**Required action**
A faithful, picture-free copy of the listing below is required.

**Information provided**
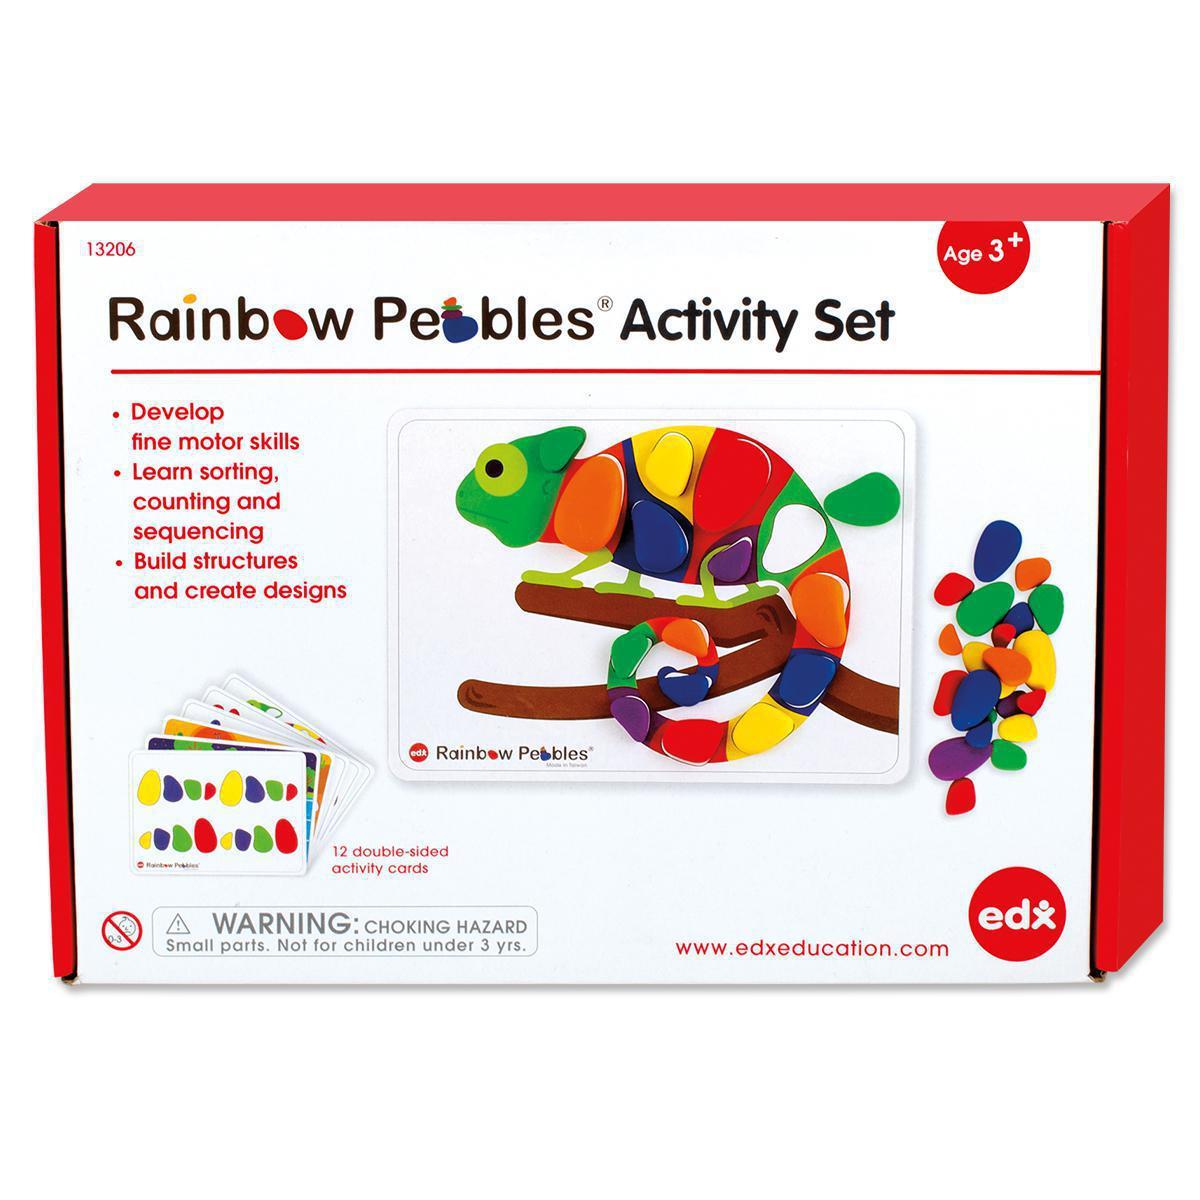 Rainbow Pebbles® Activity Set
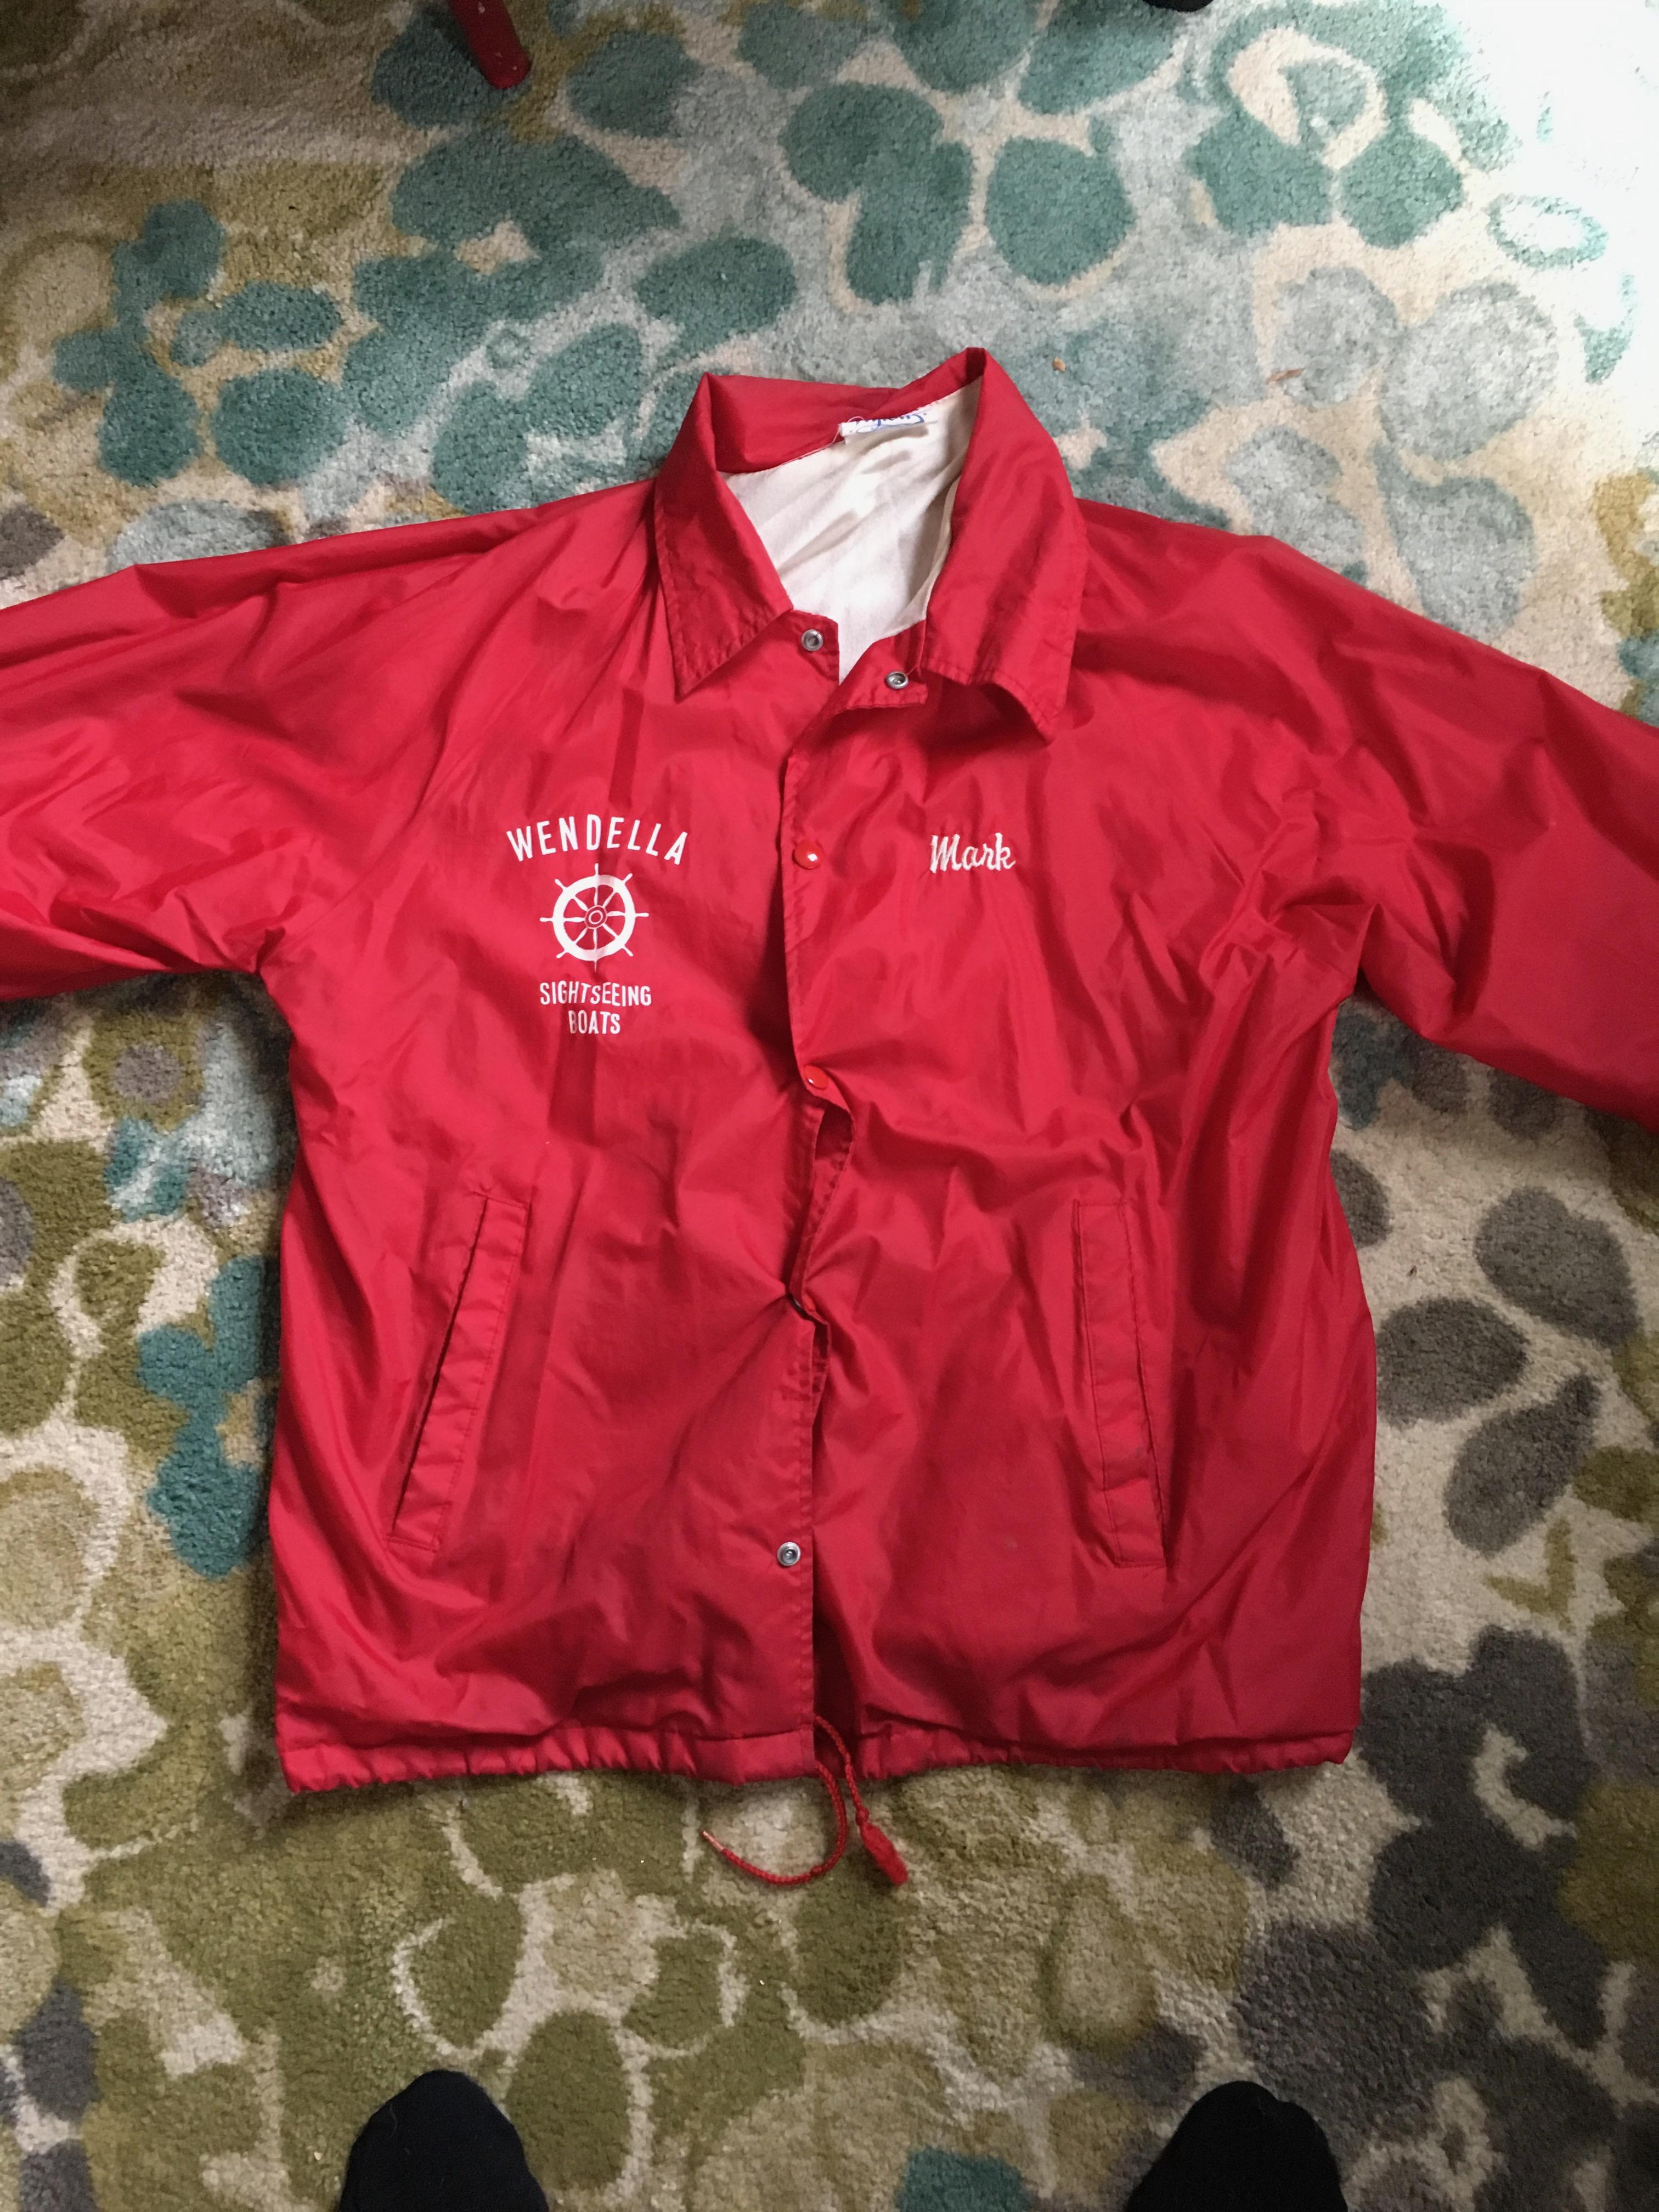 Jacket from summer job, circa 1988.
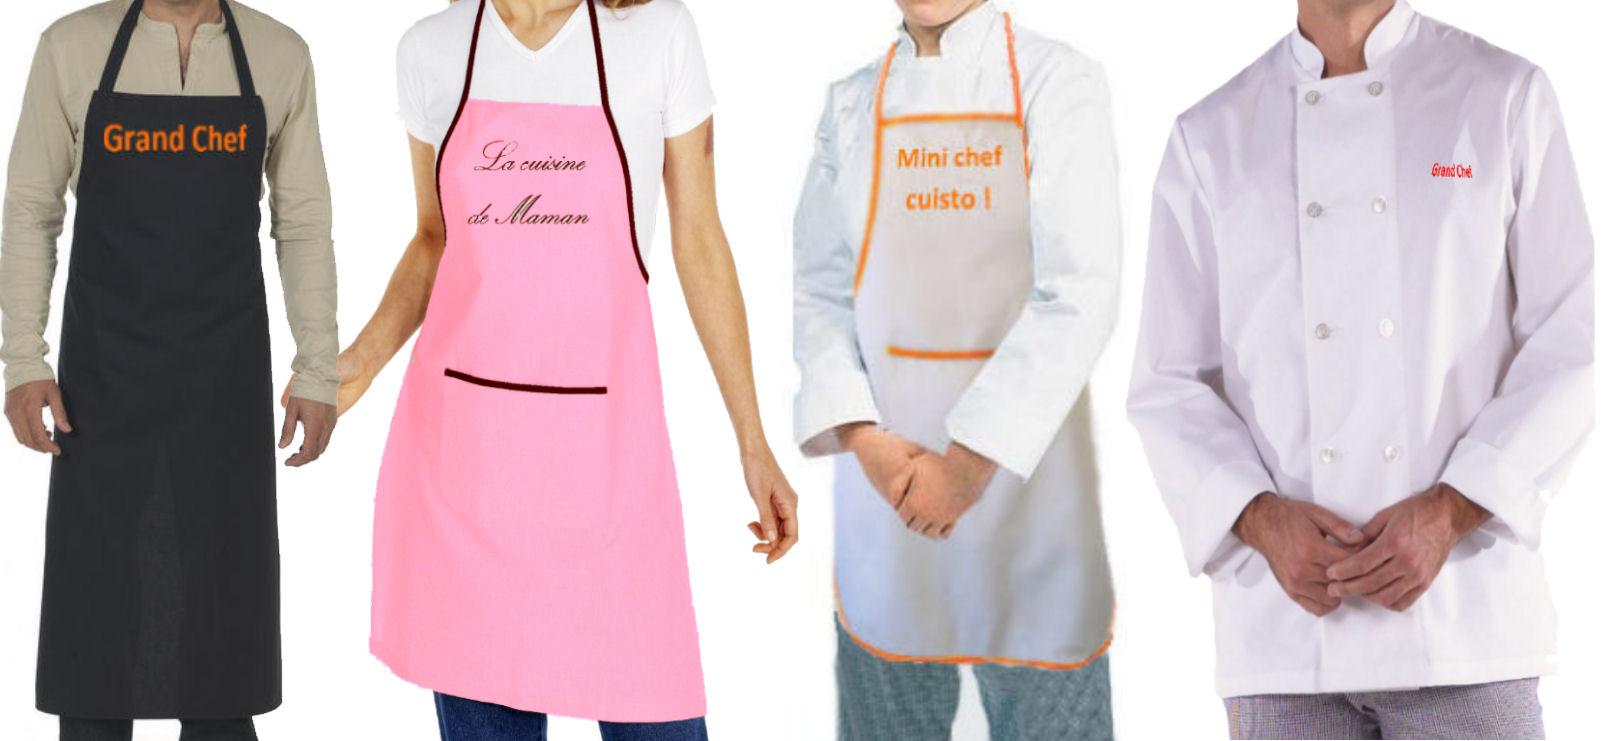 vestes de cuisine. veste cuisine veste cuisinier. vtements ... - Vetements De Cuisine

**Answer for the task**
 Rainbow Pebbles® Activity Set
 Jacket from summer job, circa 1988.
 vestes de cuisine. veste cuisine veste cuisinier. vtements ... - Vetements De Cuisine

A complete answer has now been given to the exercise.